Tuesday, February 19, 2008

Free Write

Living in this landlocked, useless state, I am often allotted a large amount of time to reminisce about my previous residences in far grander places. When I was about eight years old my father was enlisted in the Navy and we were all stationed in Anacortes, Washington, a city near the San Juan and Orcas Islands in Puget Sound. We lived not far from several piers and docks, which allowed my father and me to discover several interesting hobbies, one of which was shrimping. The salt air and abundance of fresh, locally-caught salmon and crustaceans instilled a lifelong love for seafood in me, and when my father and I found a way to get free seafood, I assumed I had died and gone to fish heaven, if God would allow such a place to exist.

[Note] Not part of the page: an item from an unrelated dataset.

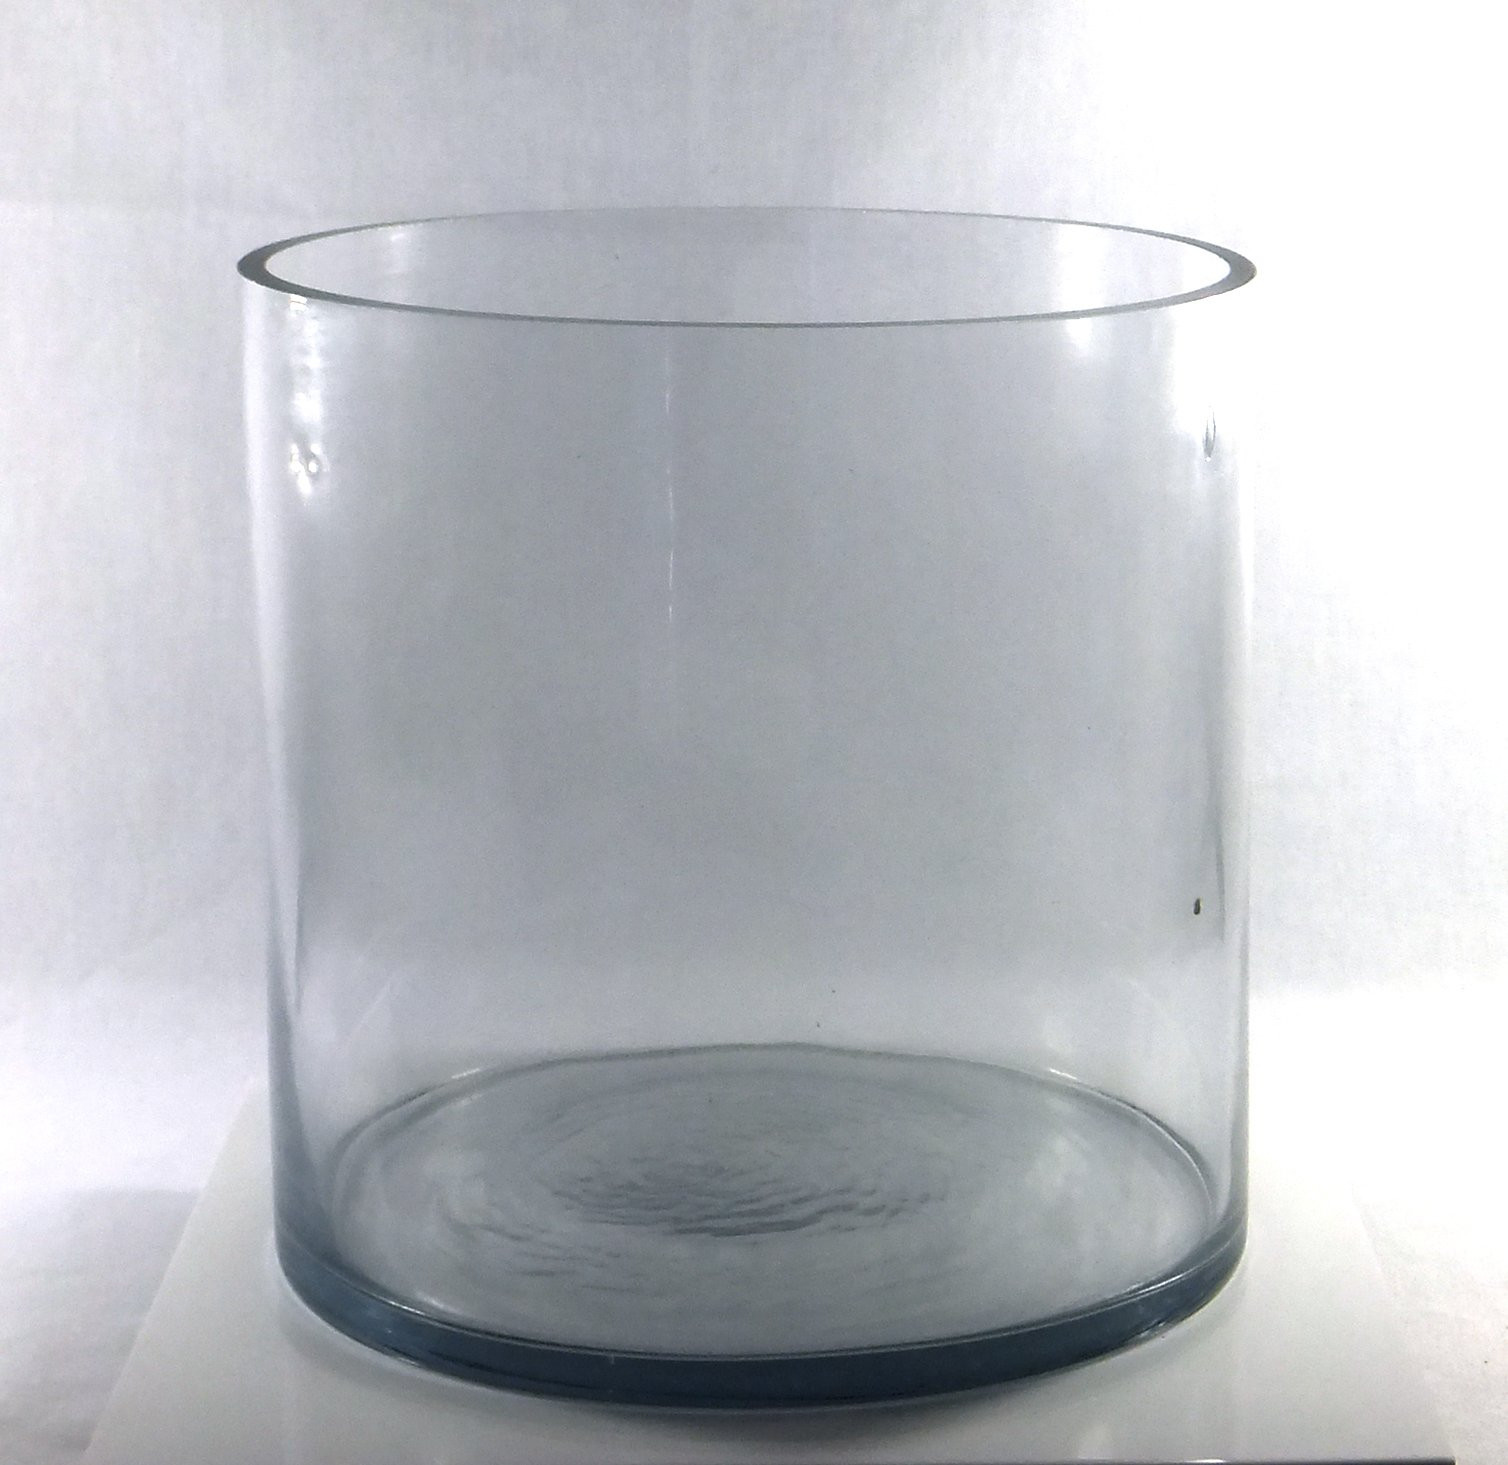 28 Awesome Large Round Clear Glass Vase 2023 free download large round clear glass vase of buy 8 inch round large glass vase 8 clear cylinder oversize within 8 inch round large glass vase 8 clear cylinder oversize centerpiece 8x8

One day while we were walking along the wharfs to see what the fishermen had caught that day, a grizzled, portly man stinking of fish pulled up a curious looking contraption attached to a rope from below the pier, full of plump shrimp. Next to him was a bucket brimming with the same type of shrimp. As we got closer I realized what the astute fisherman had done to catch these delectable sea-treats. He was using an empty, one gallon milk jug. He cut a large hole in the top of the container, but was careful not to cut too close to the handle because that was where the rope was to be attached. He then cut numerous slits around the entire container, small enough that the shrimp could not escape. We were told that under the particular pier we were standing on was a common feeding ground for the shrimp. The trick was to lower the trap right next to the pier piling, which was where the shrimp congregated. The hole in the top of the milk jug allowed the shrimp to swim into the container to, but as you pulled the trap up from underneath the water, the holes allowed the water to leave, but not the shrimp. It was simple, inexpensive and quite ingenious. The only missing piece was the bait. What would possible tantalize shrimp enough to swim into a milk jug? As I asked the question, the fisherman seized me with his filthy, rough hands and pulled me close to his parched, cracked lips. I could smell his foul breath laced with rum and jerky. In a spit-filled hiss I received my answer. Canned cat food. I looked at him with bewildered eyes as a maniacal laugh erupted from his sunburned face.

My father and I speedily left the pier, not only to get away from the lunatic, but to also go home to make the shrimp trap and try it for ourselves. We took a trip to the pier the next day and sure enough the trap worked. The canned cat food proved to be irresistible and the cat was eager to give up her canned dinner in exchange for fresh shrimp.